How Many Calories are in Everything But the Bagel Seasoning?

This is tricky to answer precisely because serving sizes are rarely standardized and vary by brand. However, a typical tablespoon (about 15 grams) likely contains between 20-30 calories. The calorie count is primarily driven by the seeds and the relatively small amount of added salt. Keep in mind that calories consumed will depend on how much seasoning you use.

Is Everything But the Bagel Seasoning Healthy?

The answer is a nuanced yes...with caveats. The seasoning itself boasts several health benefits thanks to its ingredients:

  • Seeds: Sesame and poppy seeds are good sources of fiber, which aids digestion and promotes satiety. They also offer small amounts of healthy fats and various minerals.
  • Garlic and Onion: These are well-known for their anti-inflammatory properties and potential benefits for heart health. They add a flavor boost without significant calorie impact.

However, it's essential to remember that everything in moderation. While the seasoning offers some nutritional value, it's primarily a flavor enhancer, not a nutritional powerhouse. Overuse can lead to increased sodium intake, potentially contributing to high blood pressure in susceptible individuals.

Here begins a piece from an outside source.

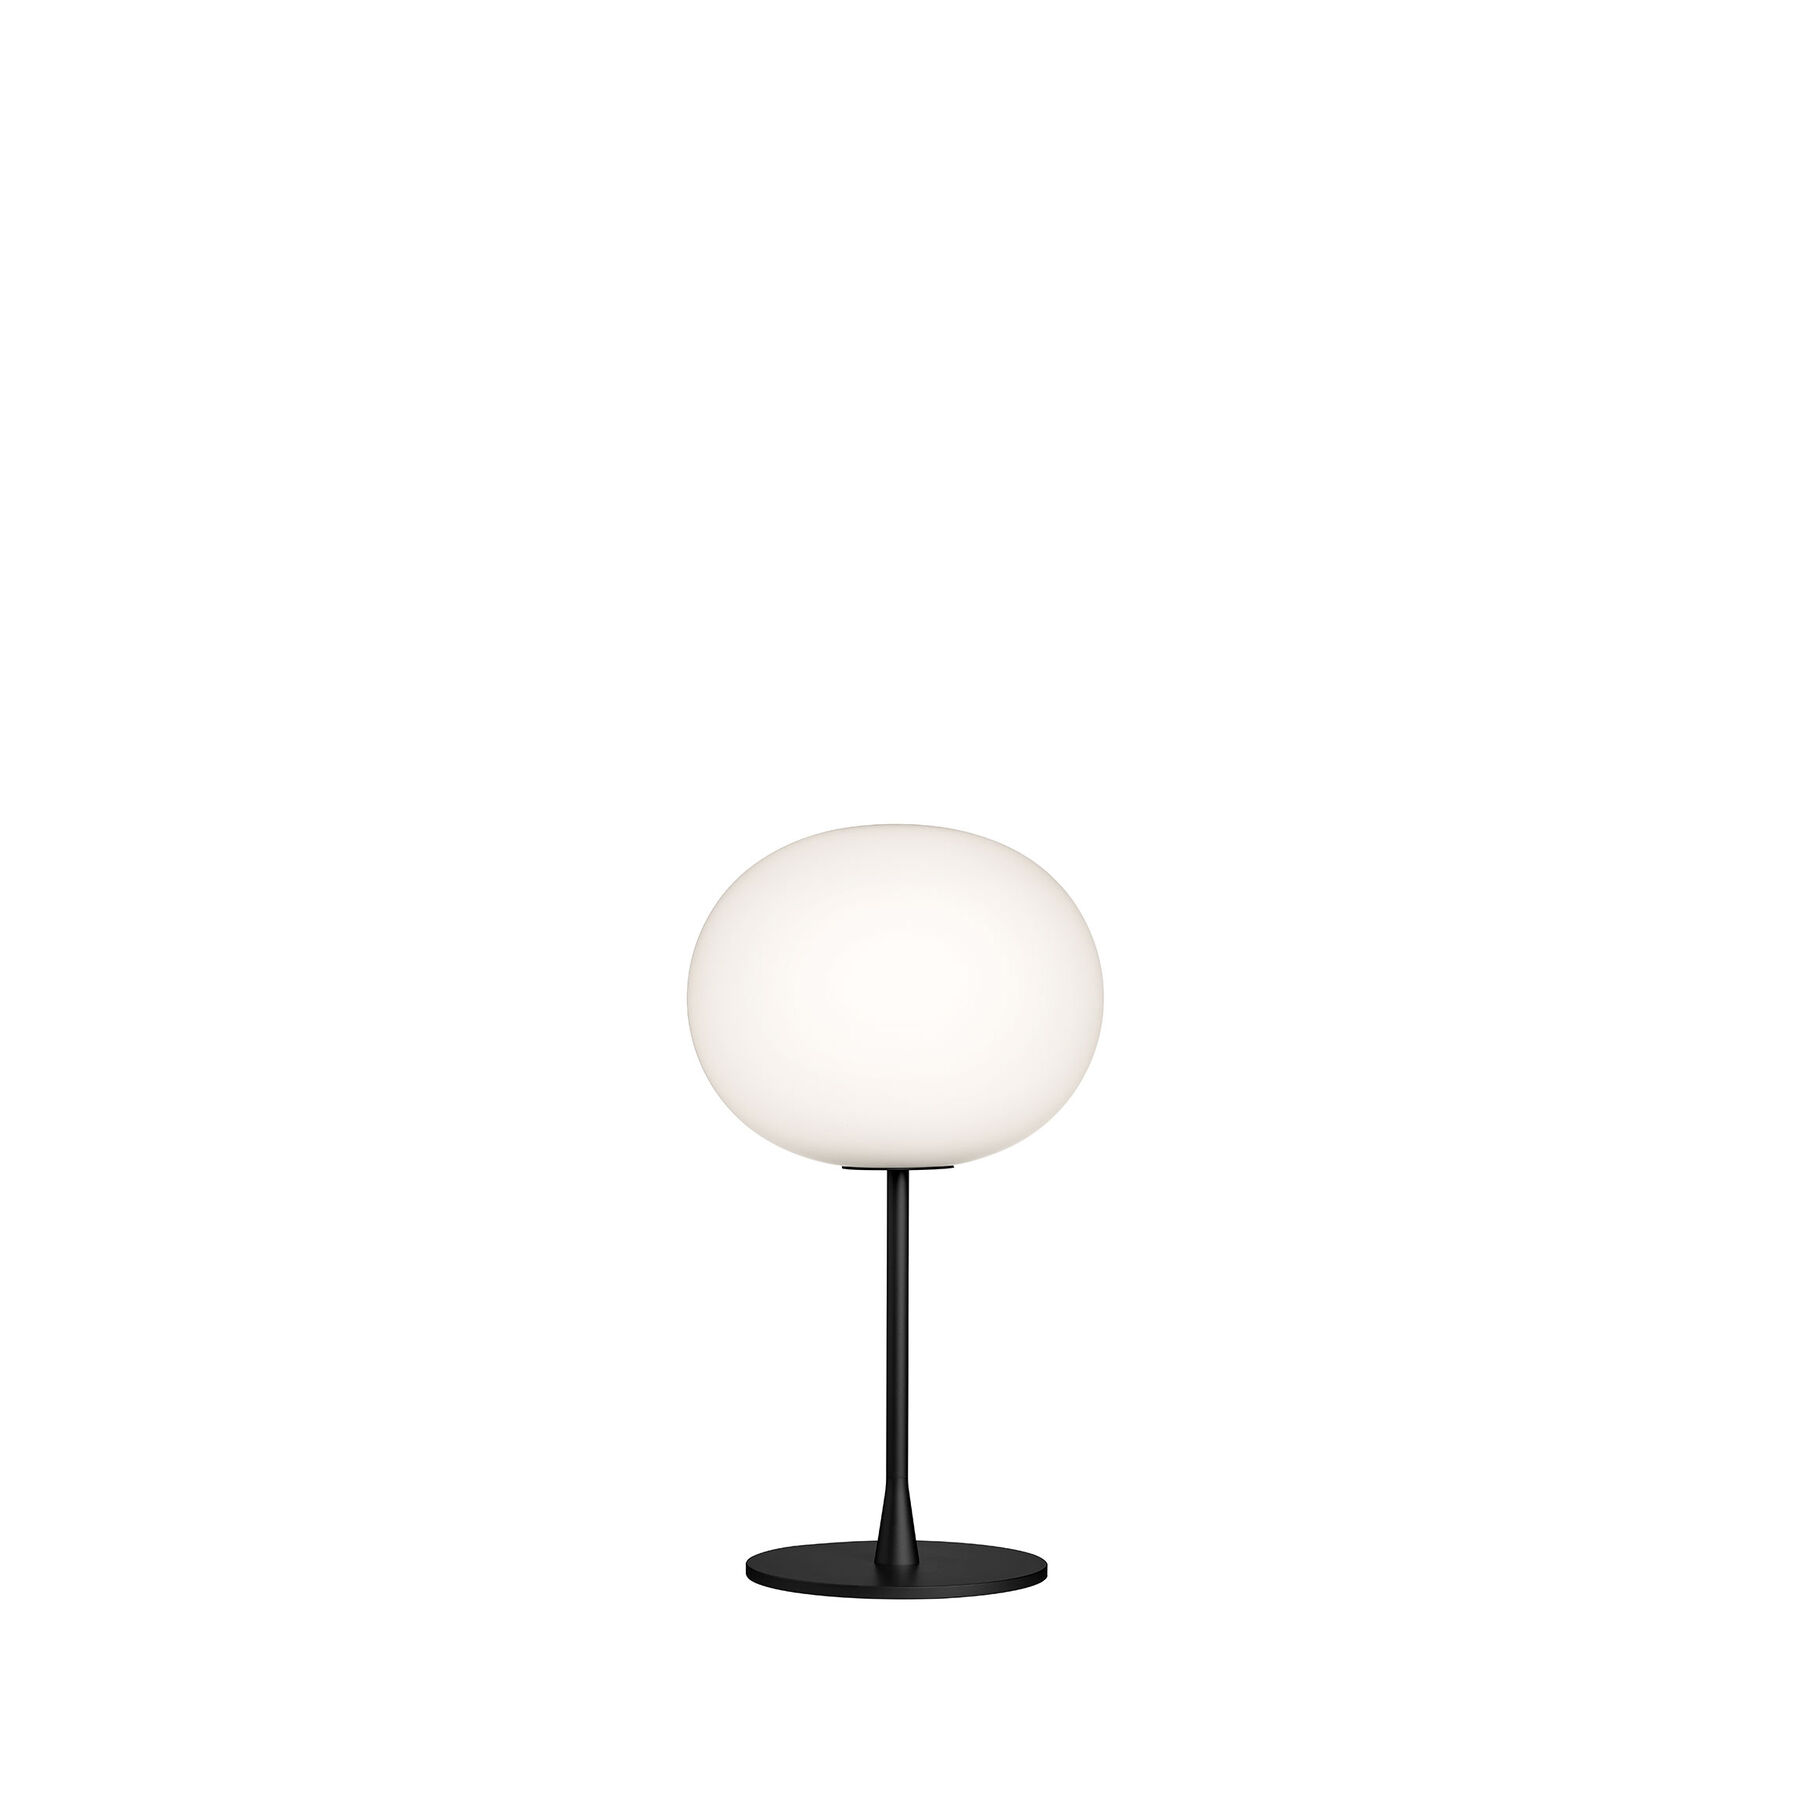 Купить Настольная лампа Glo-Ball Table 1 в интернет-магазине roooms.ru

What are the Macronutrients in Everything But the Bagel Seasoning?

The macronutrient profile is primarily dominated by carbohydrates and fats from the seeds. Protein content is relatively low. Again, exact macronutrient ratios vary across brands and depend on the specific blend of ingredients. Look for nutritional information on the specific brand you are using for a more precise breakdown.

Does Everything But the Bagel Seasoning Contain Gluten?

Typically, no. The primary ingredients (seeds, garlic, onion, salt) are naturally gluten-free. However, always check the label to ensure the product hasn't been processed in a facility that also handles gluten-containing foods. This is crucial for individuals with celiac disease or gluten sensitivity.

Is Everything But the Bagel Seasoning Keto-Friendly?

Generally, yes. The low carbohydrate content makes it a suitable option for ketogenic diets. However, be mindful of your overall macro targets. While a small amount of seasoning won't significantly impact your keto macros, generous use could affect your daily carbohydrate intake.

The Bottom Line on Everything But the Bagel Seasoning Nutrition

Everything but the bagel seasoning adds a burst of flavor and texture to a wide variety of dishes. While it offers some nutritional advantages due to its seed and vegetable components, it's important to use it in moderation. Focus on the delicious taste it lends to your food, and don't rely on it as a primary source of nutrients. Remember to always check the nutritional information on the specific brand you’re using for the most accurate data.